We report on the fabrication and performance of organic light-emitting diodes (OLEDs) employing rubrene-doped metal chelate namely, zinc quinolate (Znq2) as emissive layer. Different OLED architectures were carried out to improve the device performance by doping varying concentrations (by wt%) of rubrene dye into Znq2 host. Enhanced electroluminescence (EL) intensity was achieved using oxygen-plasma-treated indium tin oxide as anode, N,N′-di-1-naphthyl-N,N′-diphenyl-1,1′-biphenyl-4,4′diamine (α-NPD) as hole-transport layer, 10 weight percent rubrene-doped Znq2 as emission layer, Znq2 as electron-transport layer, LiF as electron-injection layer and aluminum as cathode. It has been demonstrated that by using Znq2 as electron-transport layer and host for dopant (rubrene) is the most suitable device structure for achieving low drive voltage and high efficiency.
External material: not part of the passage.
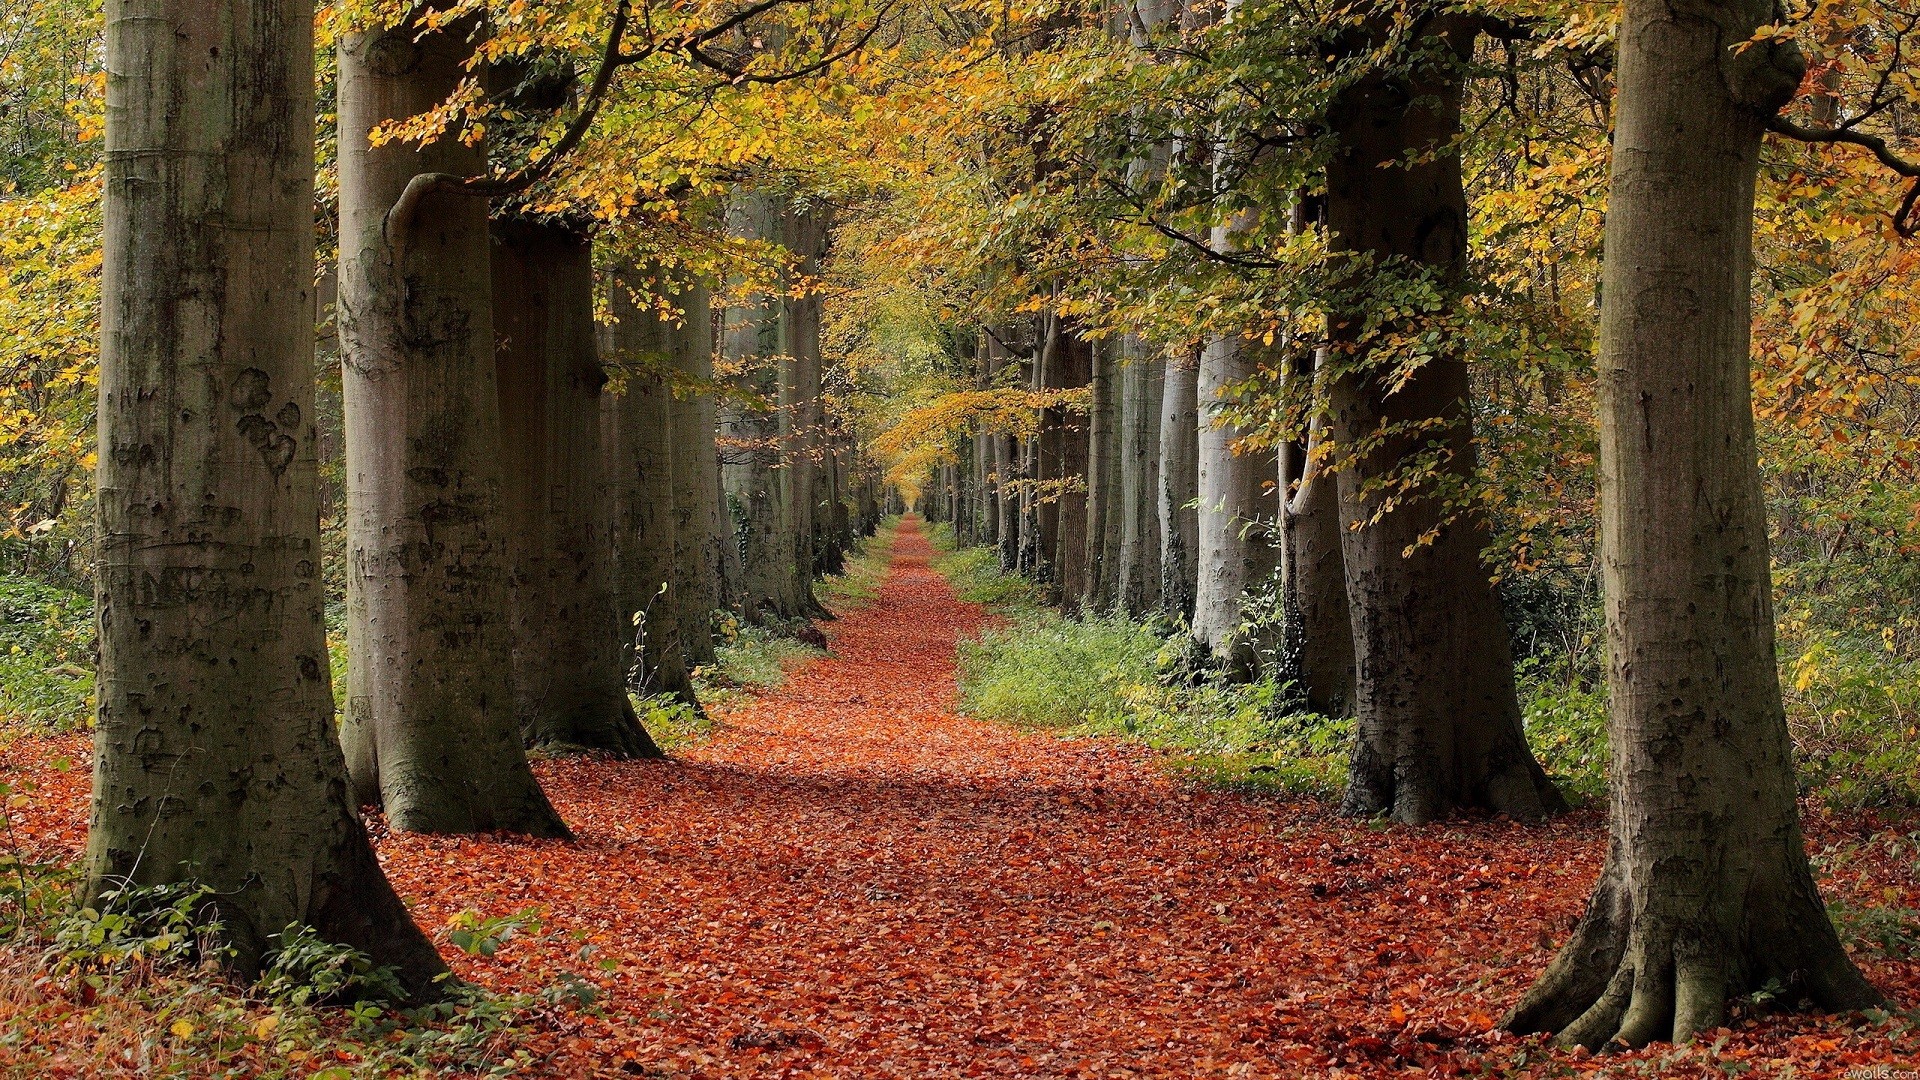 General 1920x1080 nature fall trees leaves forest path outdoors

Electroluminescence spectra of rubrene-doped OLED devices were also studied. The EL spectral peak was found to be shifted to 565 nm and spectral full-width at half maximum (FWHM) of rubrene-doped device was found to be 58 nm, while it was 95 nm in the case of a pure Znq2-based OLED device. No further significant changes in EL spectra, such as, spectral broadening, narrowing or peak shifting were observed on changing the concentration of the rubrene dye. (© 2009 WILEY-VCH Verlag GmbH & Co. KGaA, Weinheim)